In gas-phase equilibria, increasing pressure generally shifts the equilibrium towards the side with fewer moles of gas. Always count the moles of gases on each side of the reaction to predict the effect of pressure.

Answer 1

The Correct Option is D

According to Le Chatelier's Principle, if a change in conditions (such as pressure) is applied to a system at equilibrium, the system will adjust in such a way as to counteract the change.

When pressure is increased, the equilibrium will shift in the direction where the number of moles of gas is decreased, because the system tries to reduce the volume (and hence the pressure).

Now, let's analyze each of the reactions:

(A) \( \text{H}_2(g) + \text{I}_2(g) \rightleftharpoons 2 \text{HI}(g) \) has 2 moles of gas on the left and 2 moles of gas on the right. Hence, changing the pressure does not affect the equilibrium position.

(B) \( \text{PCl}_5(g) \rightleftharpoons \text{PCl}_3(g) + \text{Cl}_2(g) \) also has 1 mole of gas on both sides. Thus, the equilibrium is not affected by a change in pressure.

(C) \( \text{N}_2(g) + \text{O}_2(g) \rightleftharpoons 2 \text{NO}(g) \) involves 2 moles of gas on both sides, so increasing pressure does not shift the equilibrium.

(D) \( \text{CO}(g) + 3 \text{H}_2(g) \rightleftharpoons \text{CH}_4(g) + \text{H}_2\text{O}(g) \) has 4 moles of gas on the left side (1 mole of CO and 3 moles of \( \text{H}_2 \)) and 2 moles of gas on the right side (1 mole of \( \text{CH}_4 \) and 1 mole of \( \text{H}_2\text{O} \)). Increasing the pressure will shift the equilibrium towards the right, where fewer moles of gas are present.

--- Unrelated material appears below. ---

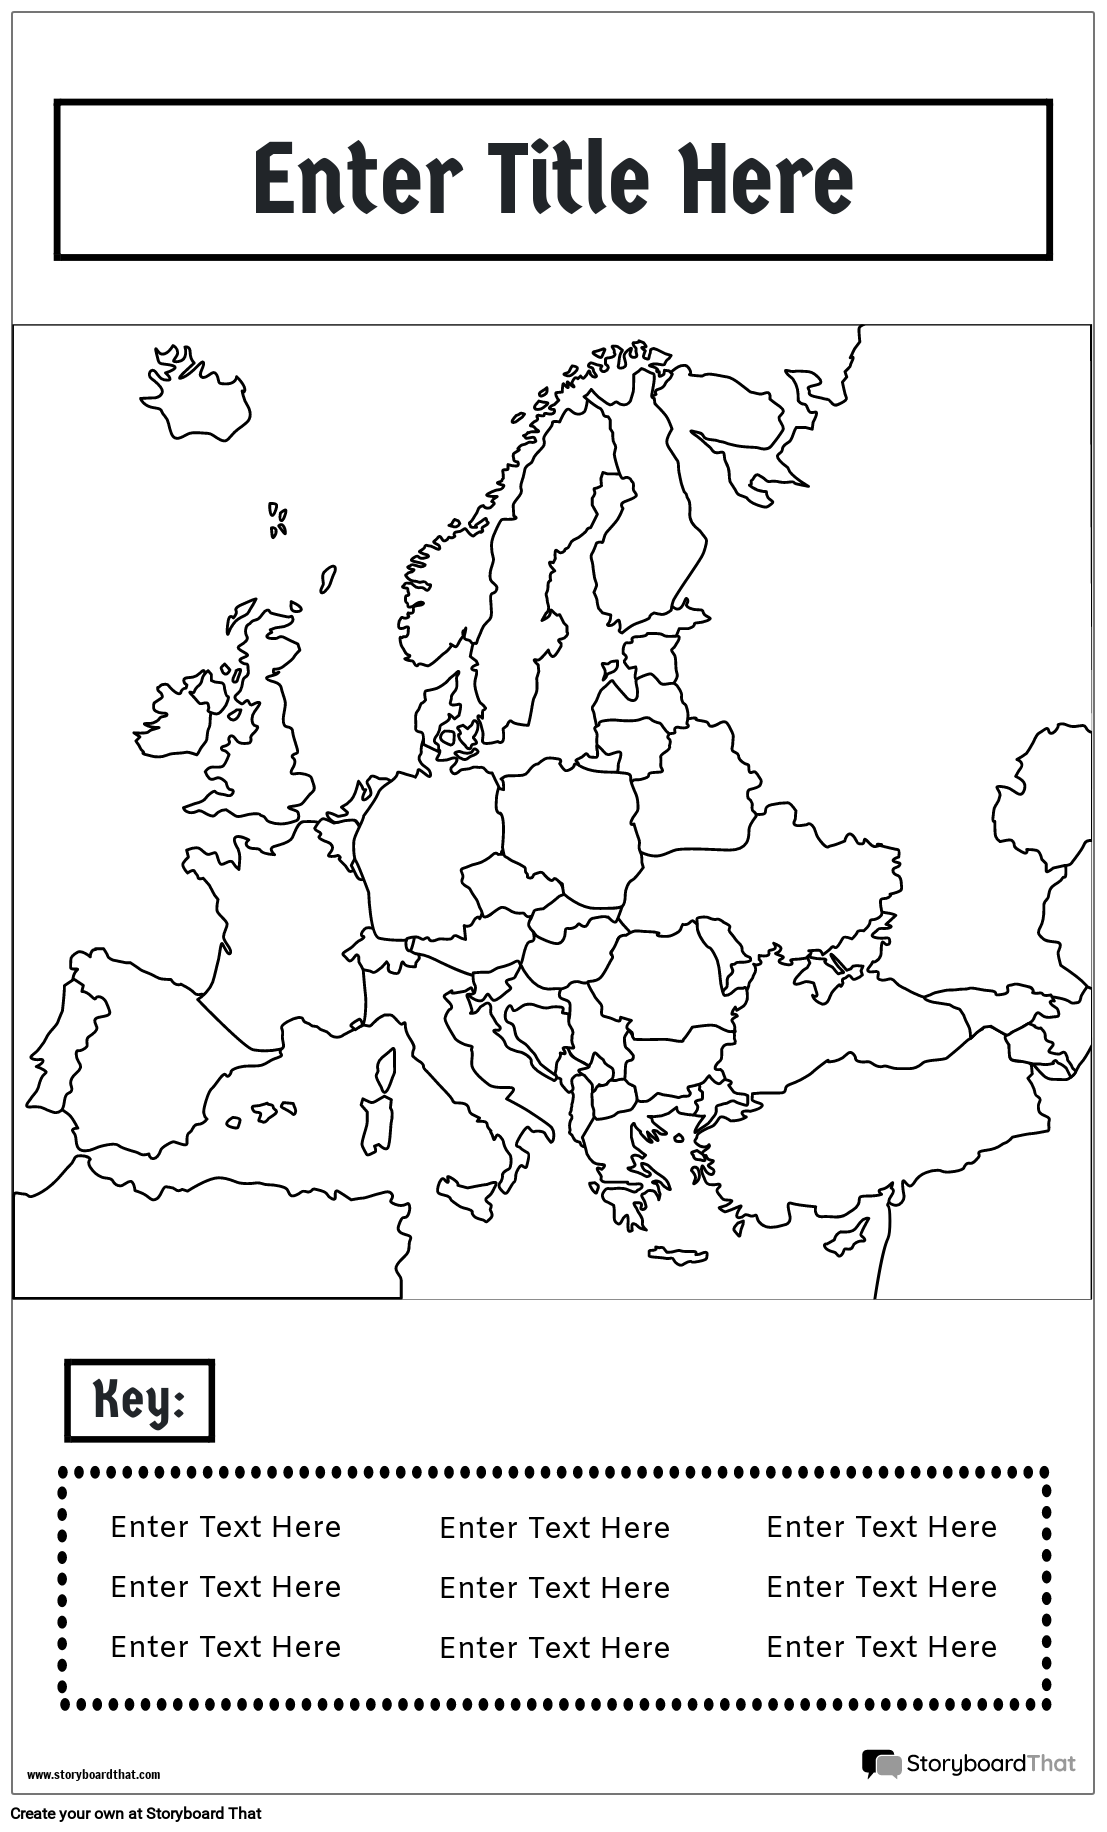 Карта Плакат 17 BW Портрет-Европа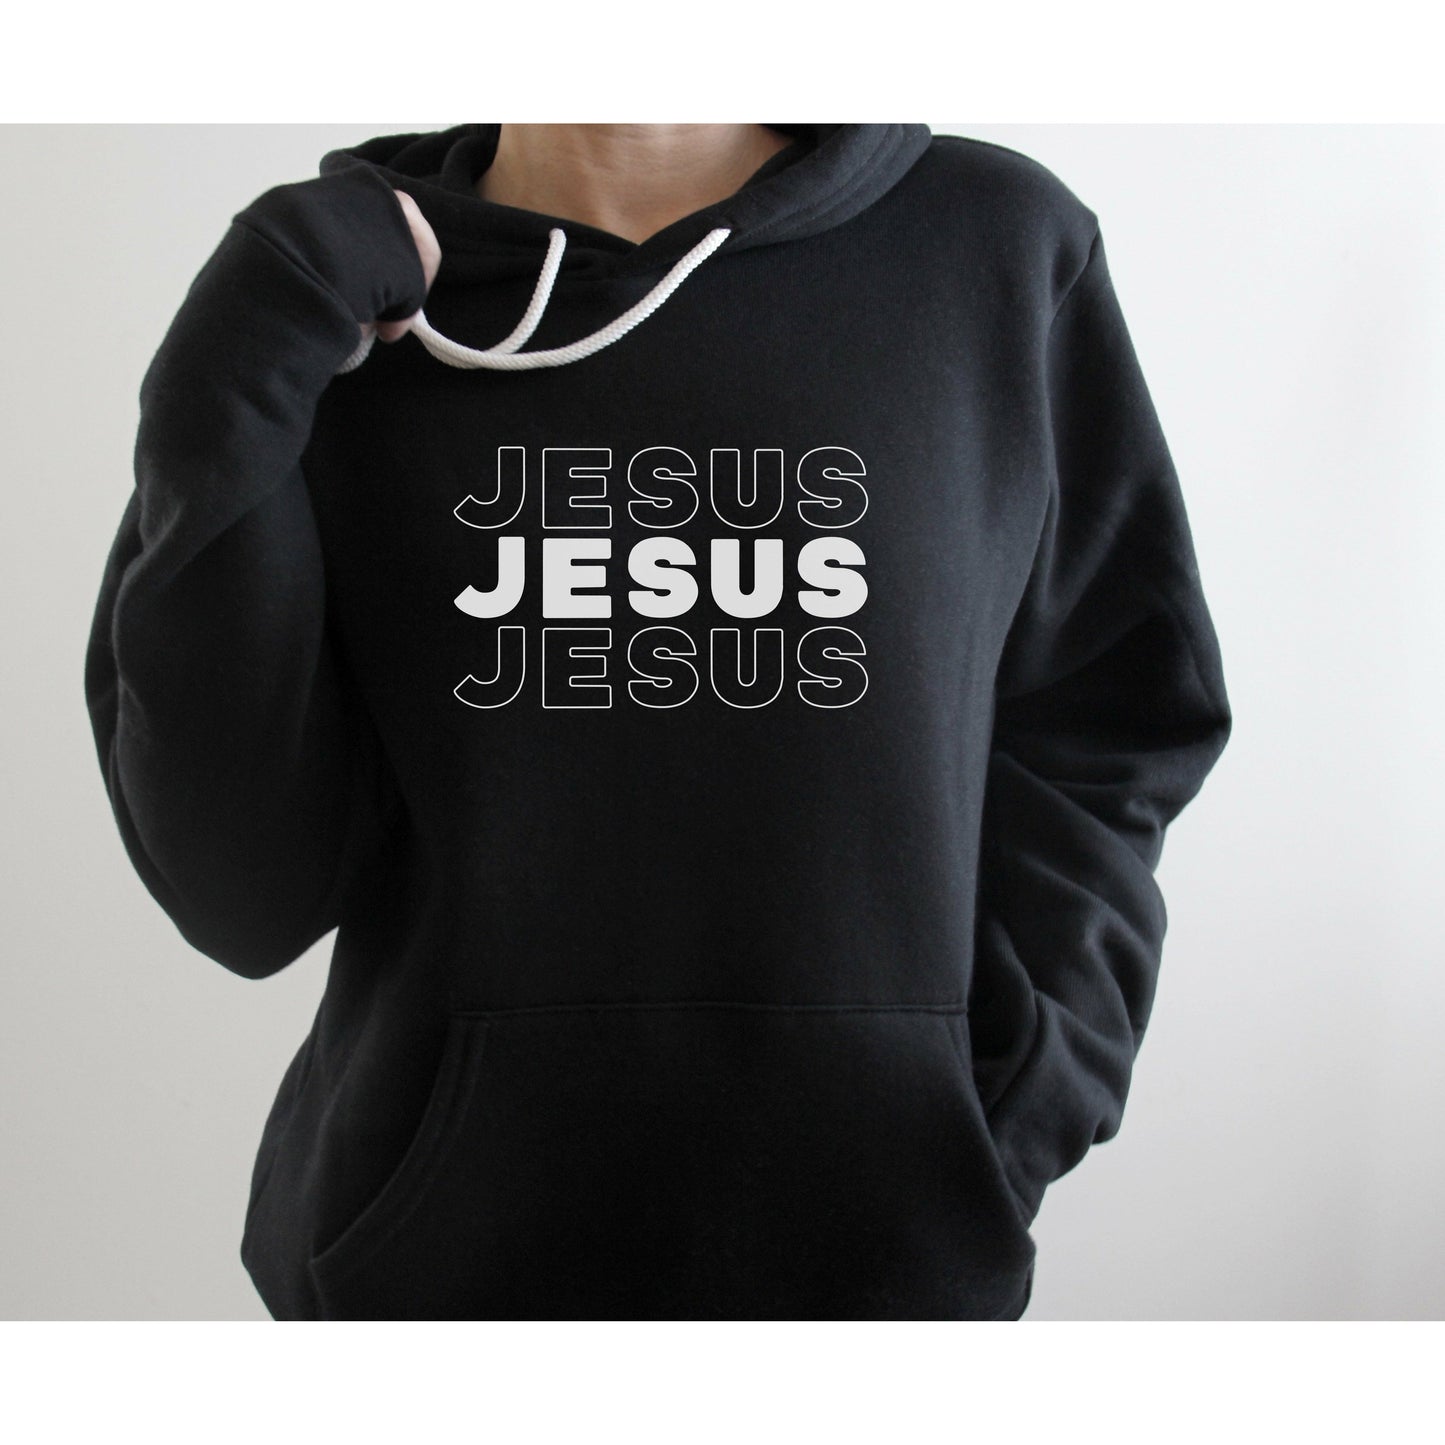 Jesus, Jesus, Jesus (White text) | Premium Sponge Fleece Pullover Hoodie

(E) \( \text{CO}(g) + \text{H}_2\text{O}(g) \rightleftharpoons \text{CO}_2(g) + \text{H}_2(g) \) has 2 moles of gas on each side, so changing the pressure will not shift the equilibrium.

Thus, the correct answer is (D), as the increase in pressure shifts the equilibrium in the forward direction where fewer moles of gas are present.